• **RECORDED INFORMATION**:
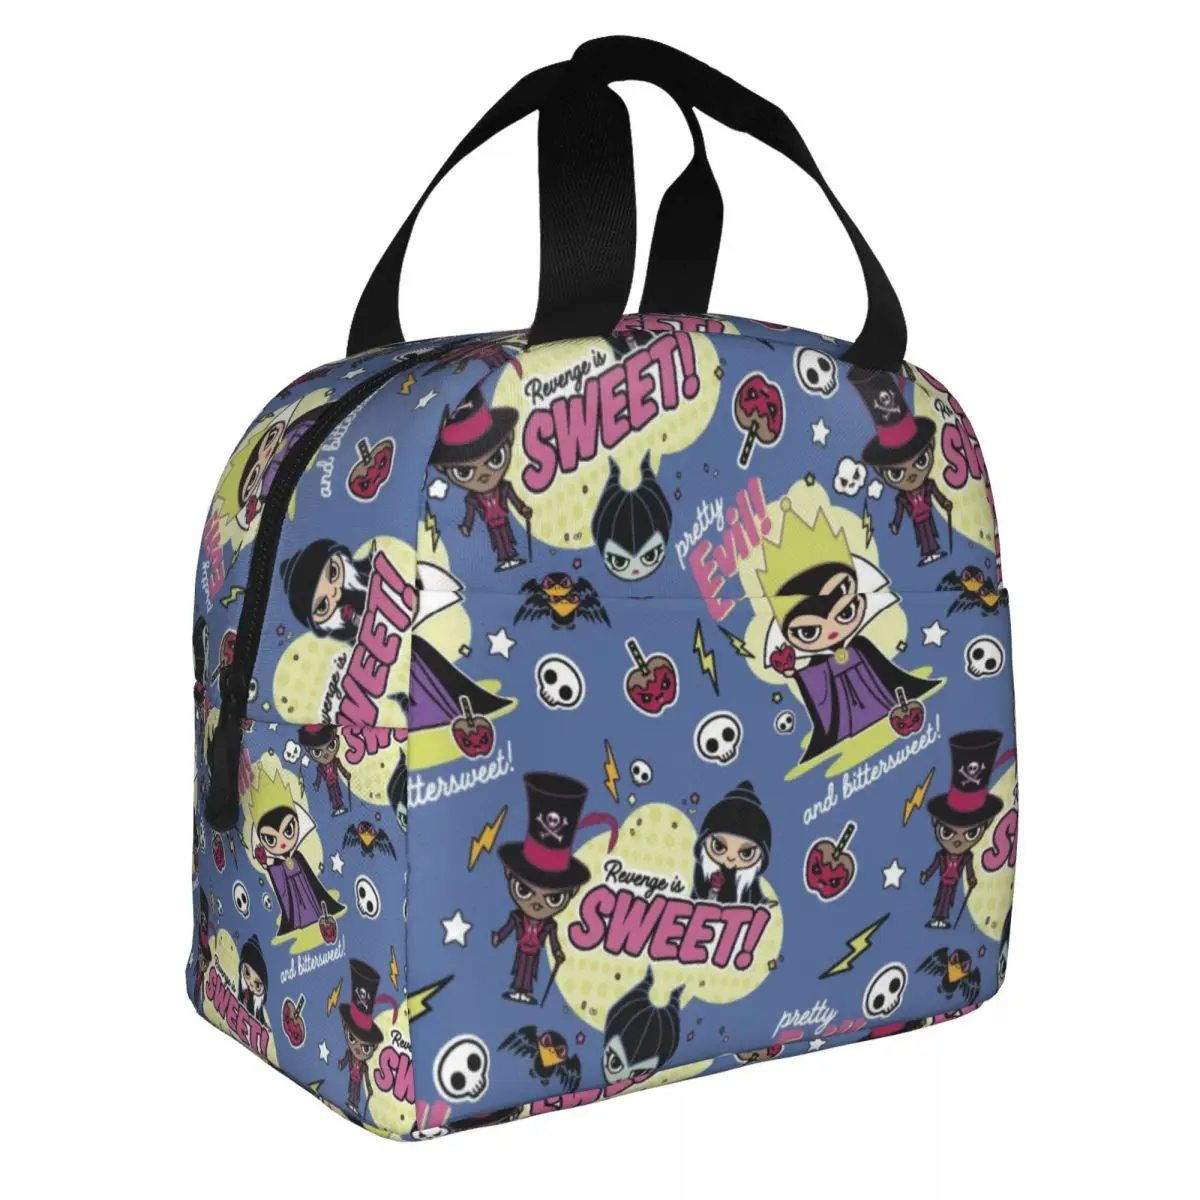 Disney Villains Kawaii Pretty Evil Изолированная сумка для ланча, термосумка, контейнер для еды, Переносная сумка-ланч-бокс для мужчин и женщин, школа
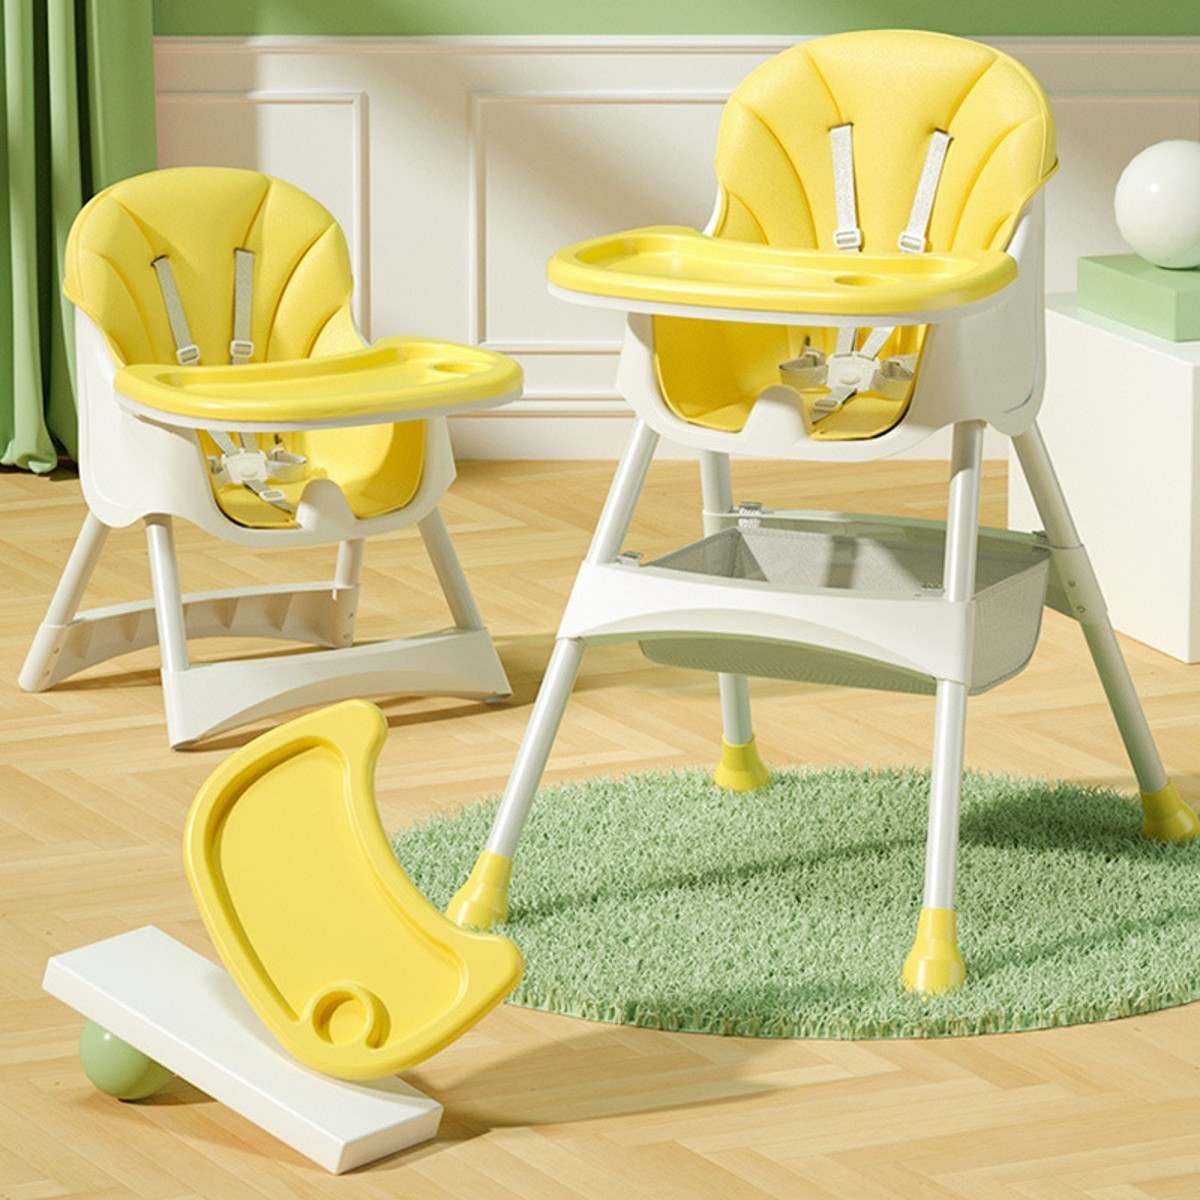 北欧婴儿成长椅子宝宝餐椅桌椅家用可调节儿童吃饭实木凳子高脚椅-阿里巴巴
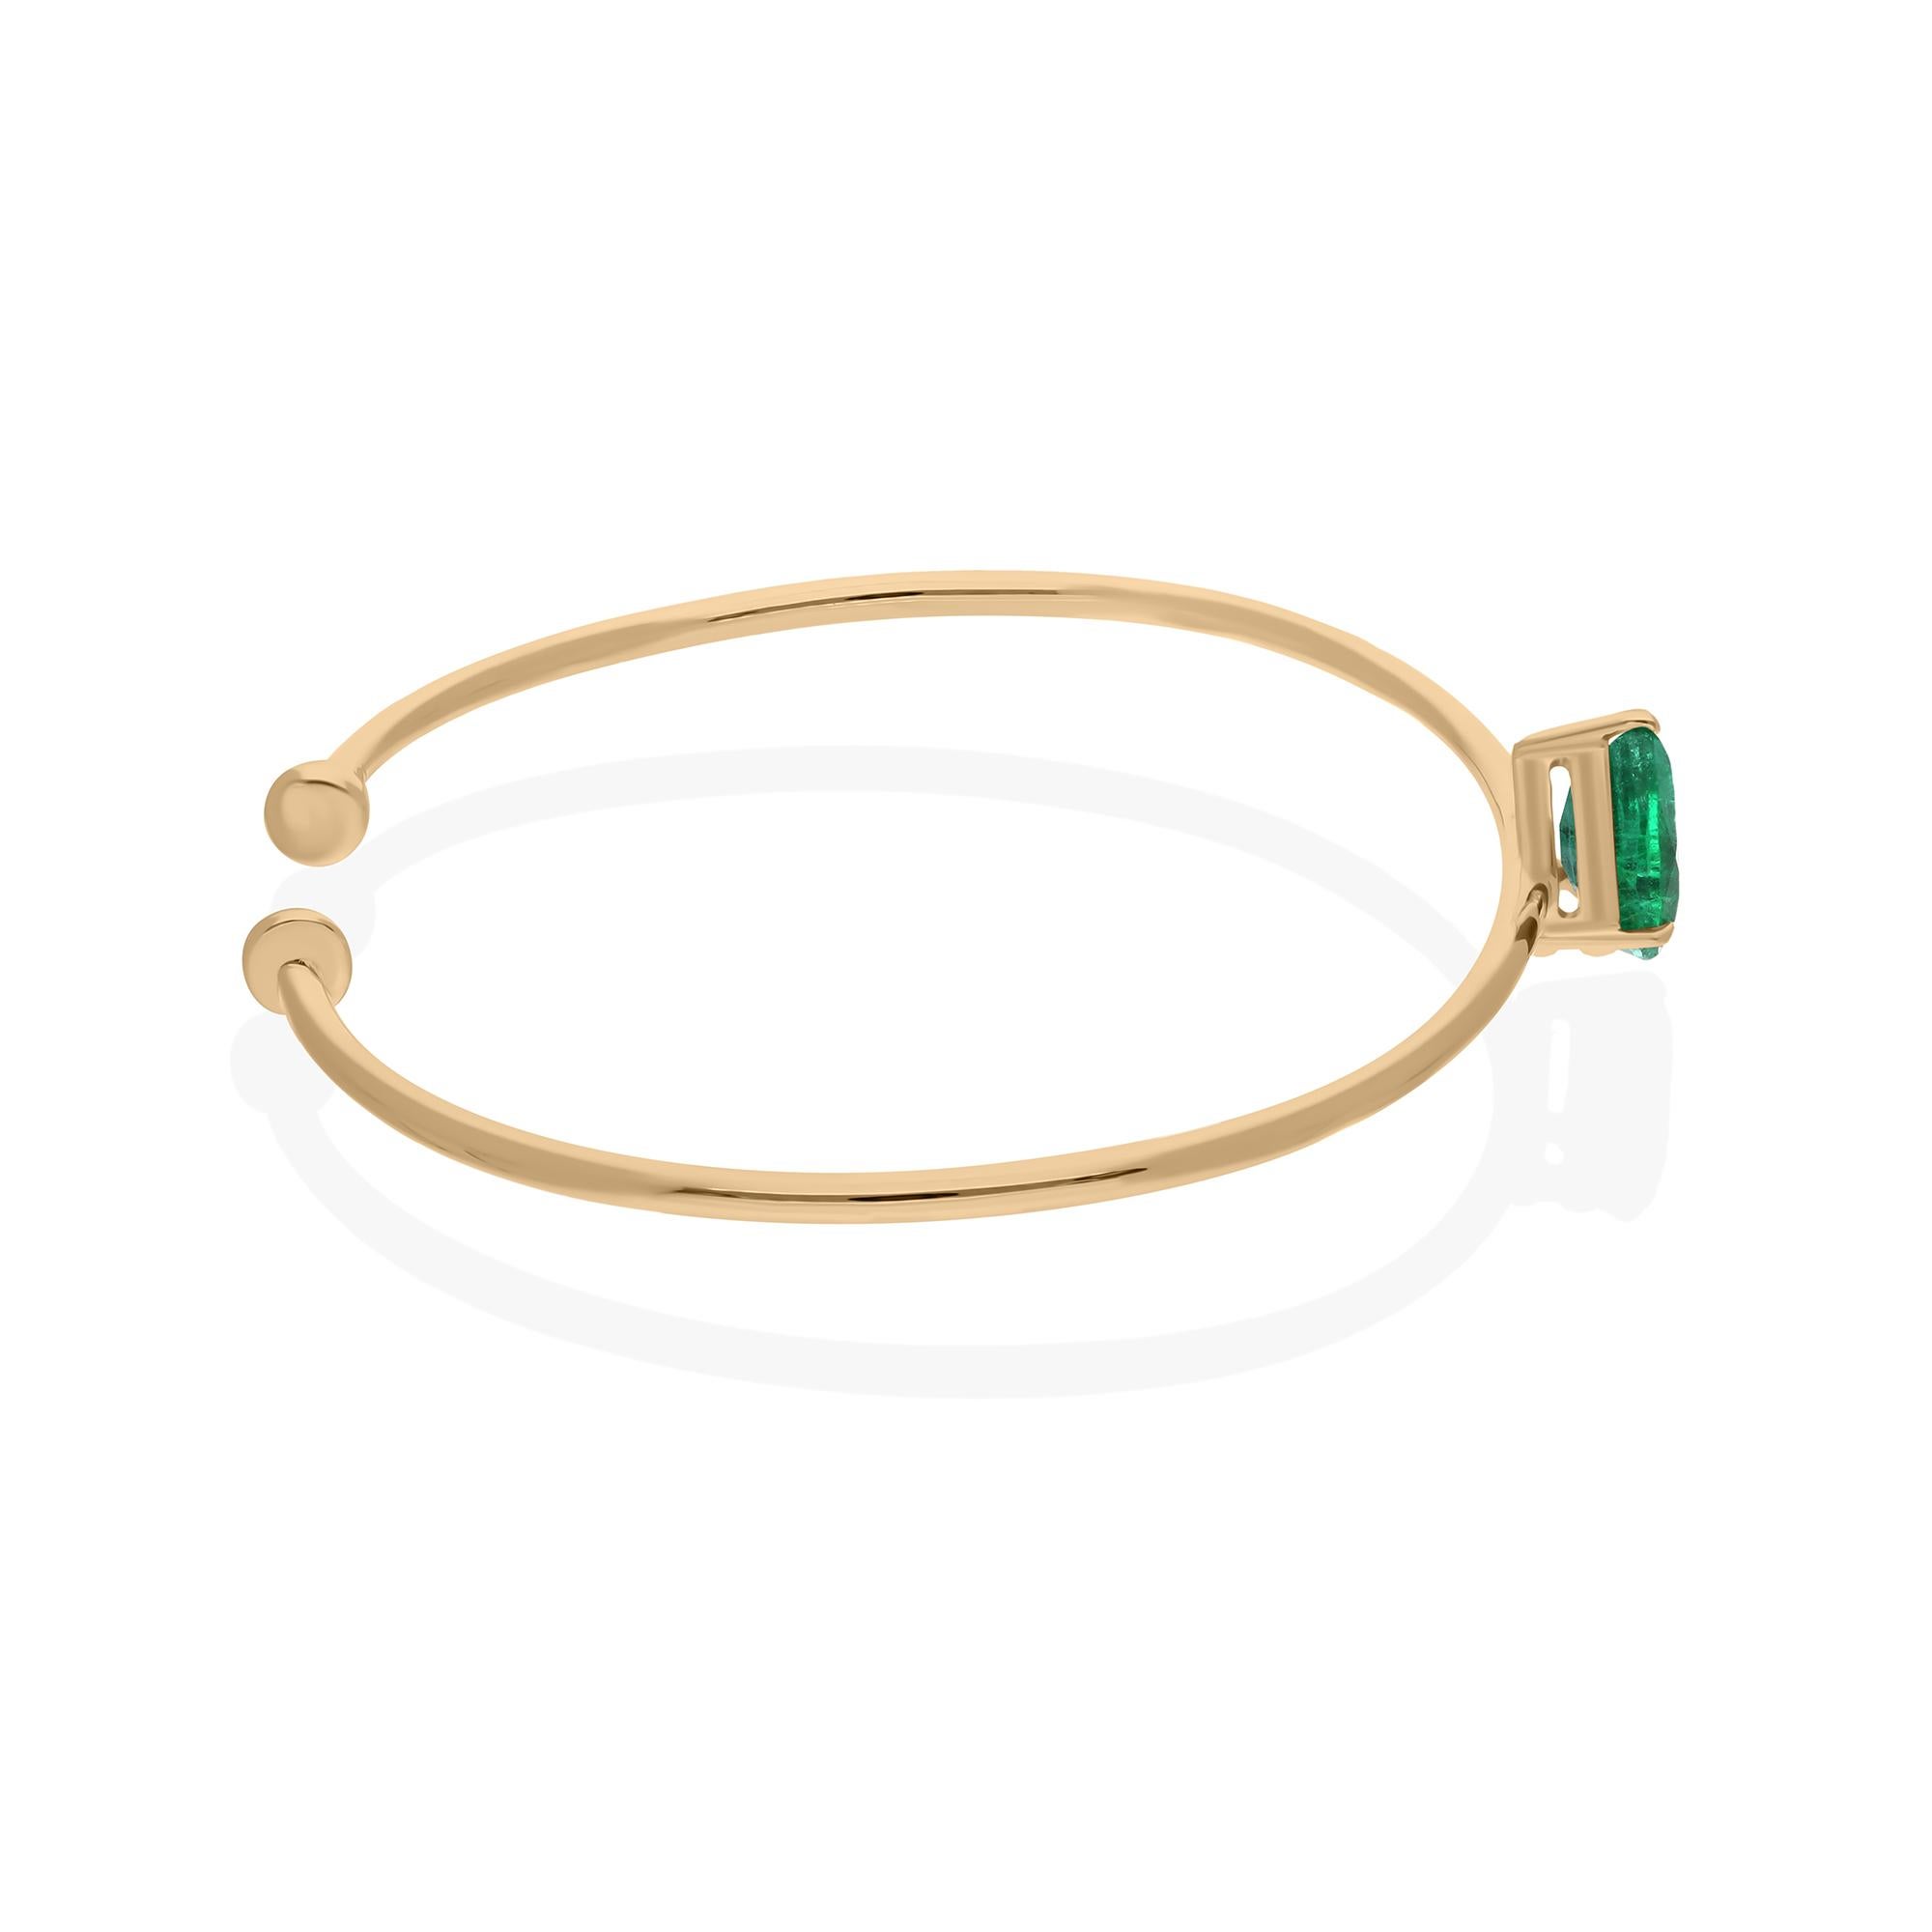 In der Mitte des Rings glänzt ein atemberaubender birnenförmiger sambischer Smaragd, der aufgrund seines satten Grüntons und seiner außergewöhnlichen Klarheit sorgfältig ausgewählt wurde. Smaragde aus Sambia sind für ihre leuchtende Farbe und

• **WORK TO COMPLETE**: Write out the whole listing exactly. Do not include the pictures.

• **WRITTEN ANSWER**:
 Disney Villains Kawaii Pretty Evil Изолированная сумка для ланча, термосумка, контейнер для еды, Переносная сумка-ланч-бокс для мужчин и женщин, школа
 北欧婴儿成长椅子宝宝餐椅桌椅家用可调节儿童吃饭实木凳子高脚椅-阿里巴巴
 In der Mitte des Rings glänzt ein atemberaubender birnenförmiger sambischer Smaragd, der aufgrund seines satten Grüntons und seiner außergewöhnlichen Klarheit sorgfältig ausgewählt wurde. Smaragde aus Sambia sind für ihre leuchtende Farbe und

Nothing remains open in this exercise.